Hier, j’ai observé des Jaseurs boréals durant quelques minutes dans un arbre tout près de moi pendant que je lisais. J’ai mis de côté mon livre et je ne peux décrire la joie ressentie à les regarder. Soudainement ils ont tous déguerpis, un oiseau de proie s’approchait et planait…
Merci beaucoup cher ami et bonne journée.
Oui, cher Claude, comme tu dis. Notre sensibilité commune à tous les vivants nous permet de nous rejoindre, qu’importe qui nous soyons.

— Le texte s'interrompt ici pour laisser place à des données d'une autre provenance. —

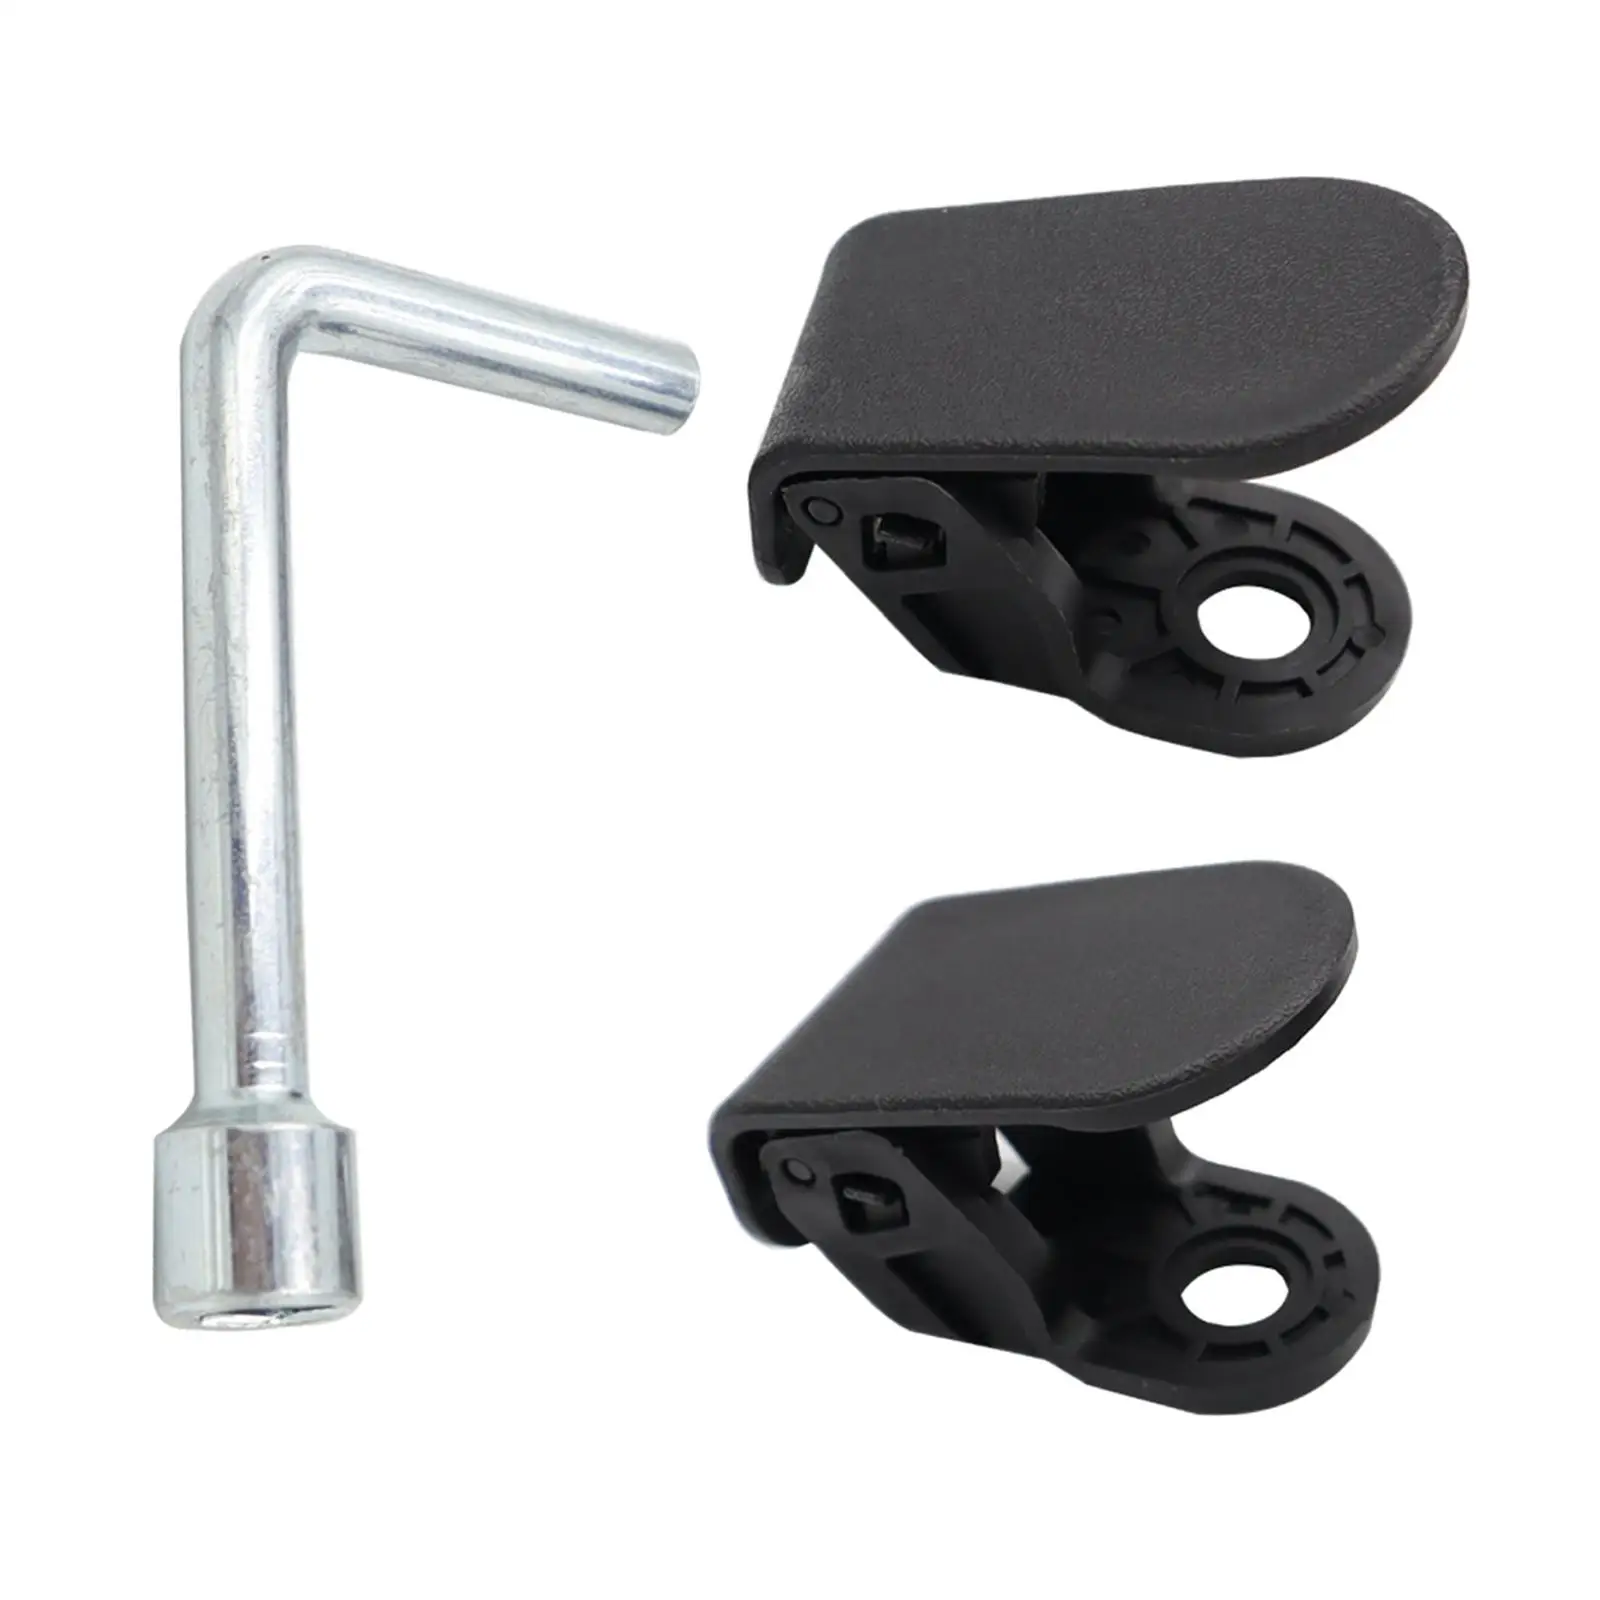 2Pcs Front Trunk Hook with Wrench Grocery Bag Hook Hanger for Tesla Model 3 2019 2020 Car Accessories Stable Performance

Au sujet des oiseaux de proie, j’en avais un hier qui a surgi et a fait crier tellement fort les Geais bleus que même les plus petits oiseaux ont eu peur. Mais l’oiseau de proie n’a pas trouvé de bouffe chez moi.
Belle journée à toi.
Merci Jean pour cette belle réflexion!
Le récit de ta rencontre est une belle invitation! J’ai me suis amarré et me suis visualisé faire ce genre de rencontre. Cela a réveillé en moi quelques expériences similaires et le brassage intérieur qui en a résulté a fait émerger un sentiment bien particulier et complexe.

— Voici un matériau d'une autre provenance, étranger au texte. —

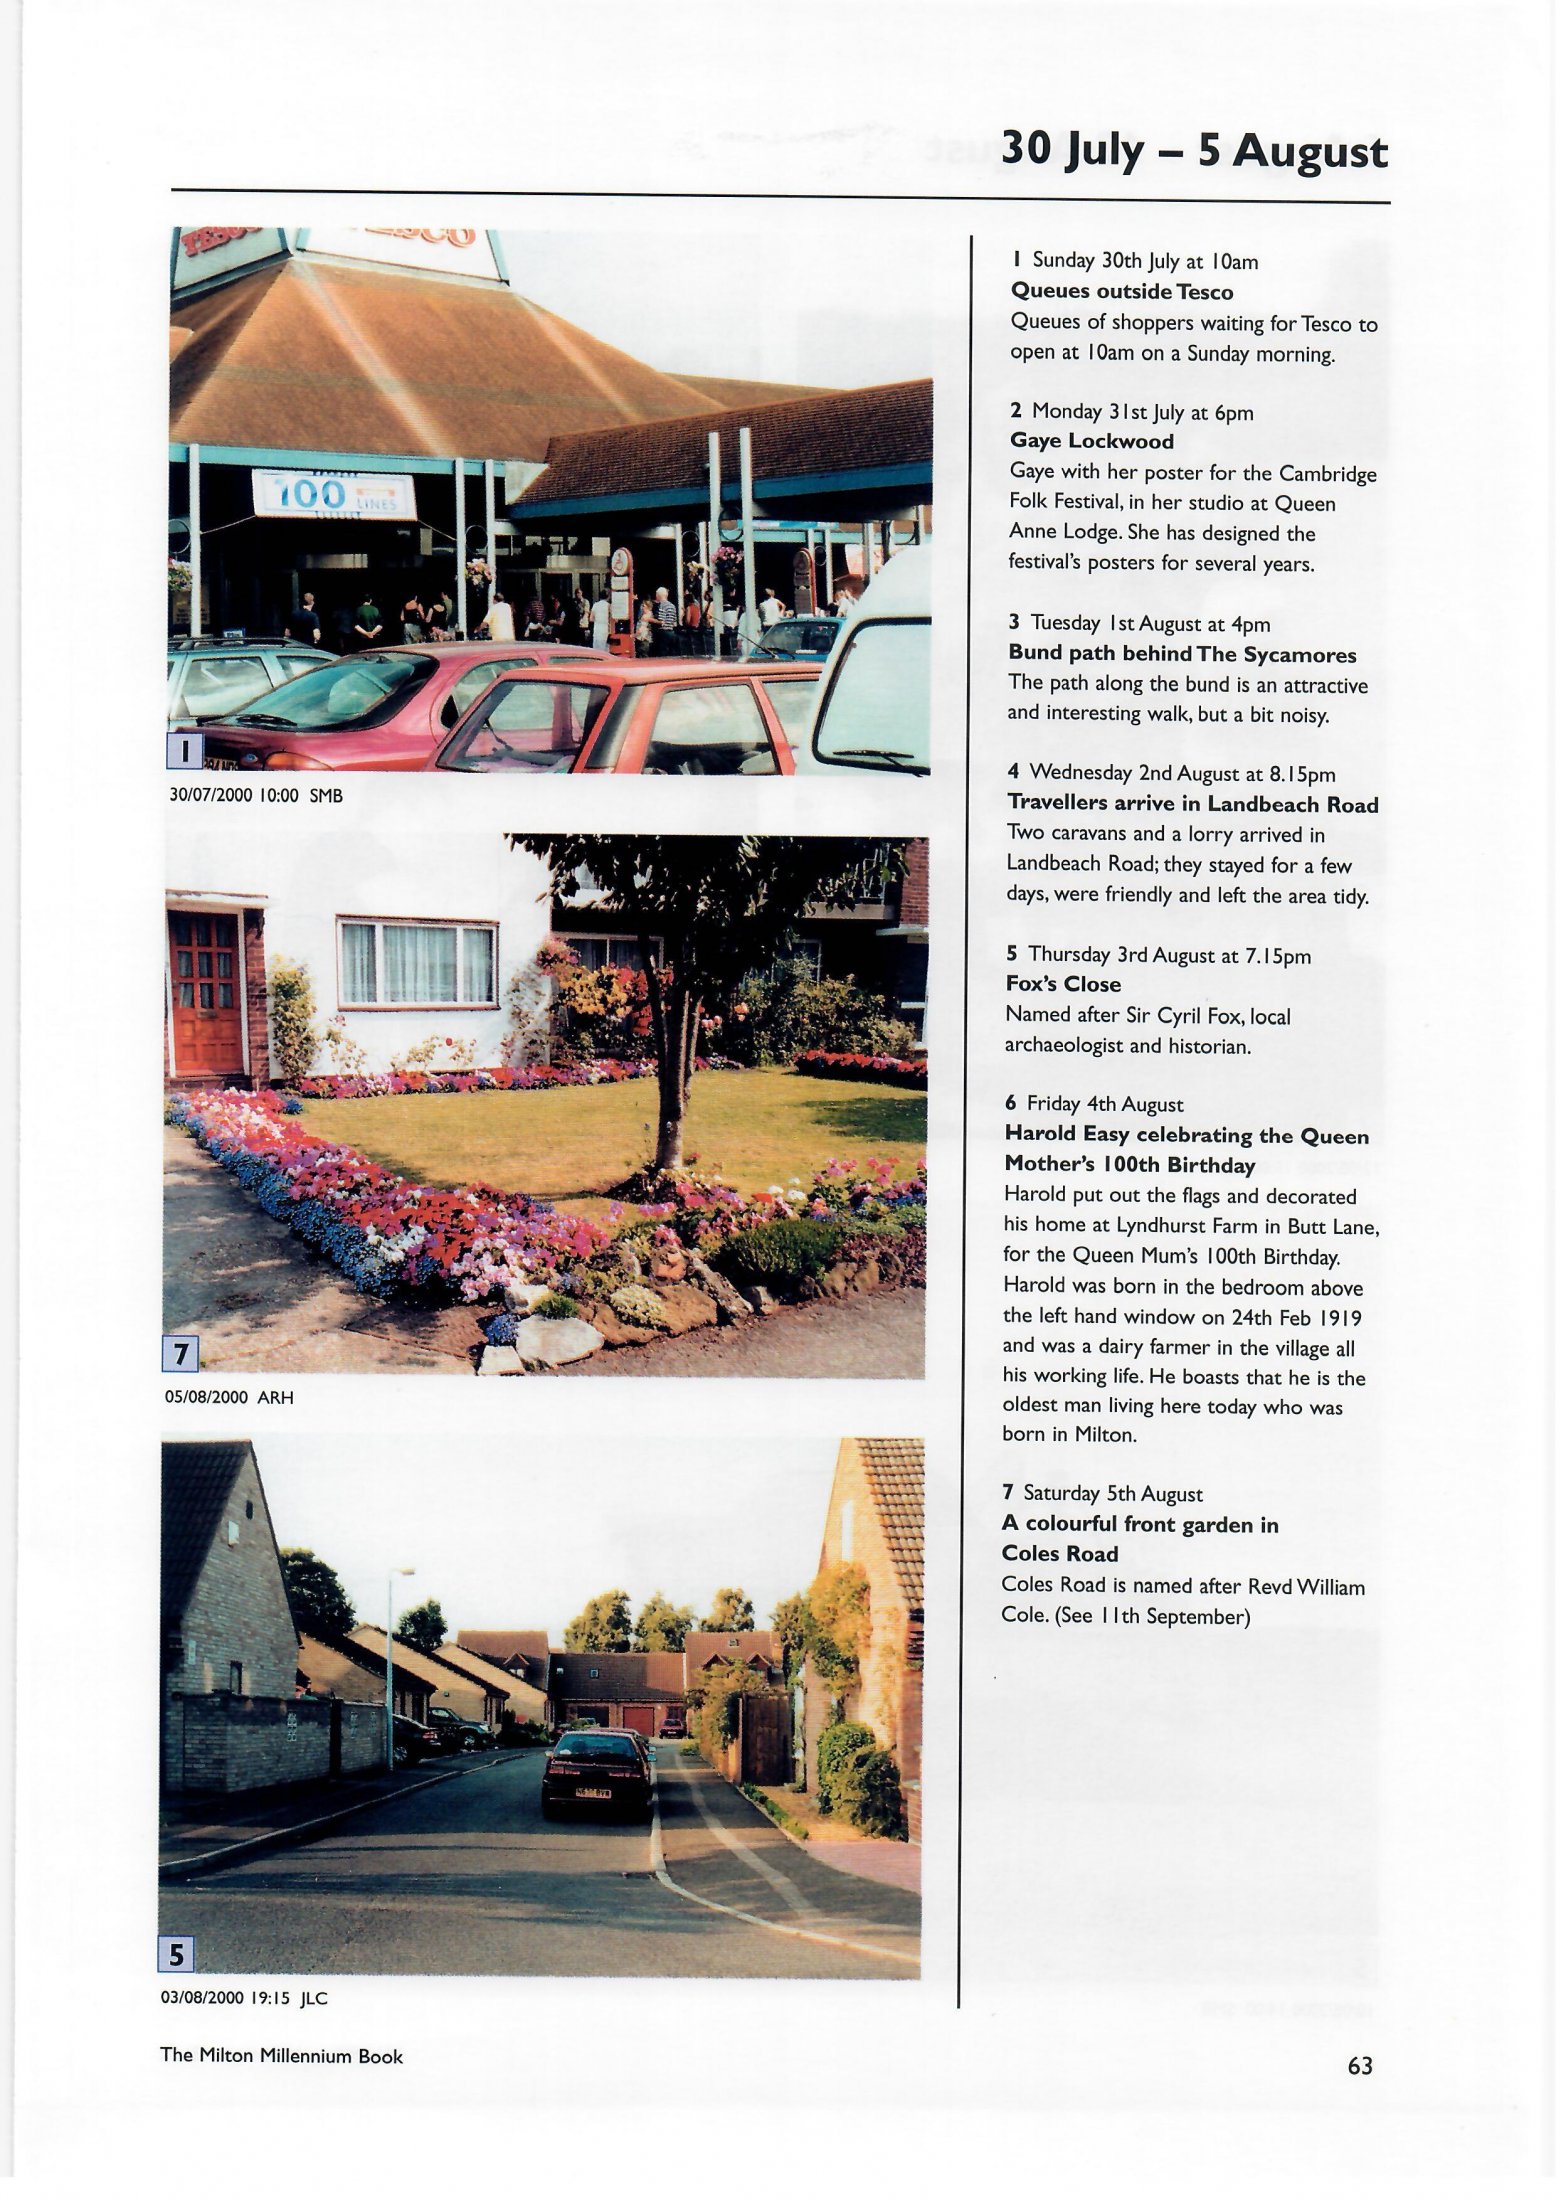 Milton 2000 July - Aug Pages - 54 -63 B -0010

Après l’avoir contemplé un moment, j’ai pris conscience à quel point ces rencontres peuvent provoquer quelque chose de spécial, car le sentiment qui teintait l’ensemble de ma mer intérieure en était un d’immense liberté et de relâchement.
Je remarquais à quel point il semble que mes limites personnelles habituelles disparaisses pour transformer la petite marre en tous les océans.
Dans le flux des interactions possibles, ce lien étroit avec une autre créature de la nature, cette canalisation de l’attention est création et destruction tout à la fois; elle laisse derrière elle, à la surface, la multitude pour ce concentrer sur une oeuvre, en cela elle nous libère d’une multitude d’attache et rend caduc les frontières, et de l’autre côté, ce lien unique, cet échange, laisse circuler en lui une infinité d’élément et semble être la mère de toute les créations.
Je constate donc quelque chose de bien amusant, car dans cette rencontre intime avec l’autre, au lieu d’y trouver un autre individu, un étranger, j’y découvre, en quelque sorte, le tout, et le sentiment qui en découle est celui de la plus vive impression d’être en connexion intime avec moi même, de me connaitre mieux que jamais, comme si je pouvais enfin voir en moi ce mouvement créateur qui génère et fait être tout.
Je vie alors pleinement le sentiment décontracté de l’être qui peut!
Cher Jean, ces rencontres intimes que tu nous incites à faire me donne l’élan de créer!
Ah, cher Simon, rappelle-toi le long et passionnant travail que nous avons fait, toi et moi, pour en arriver là.
Je m’en rappellerai toujours.
Merci, cher ami, de ce courriel magnifique.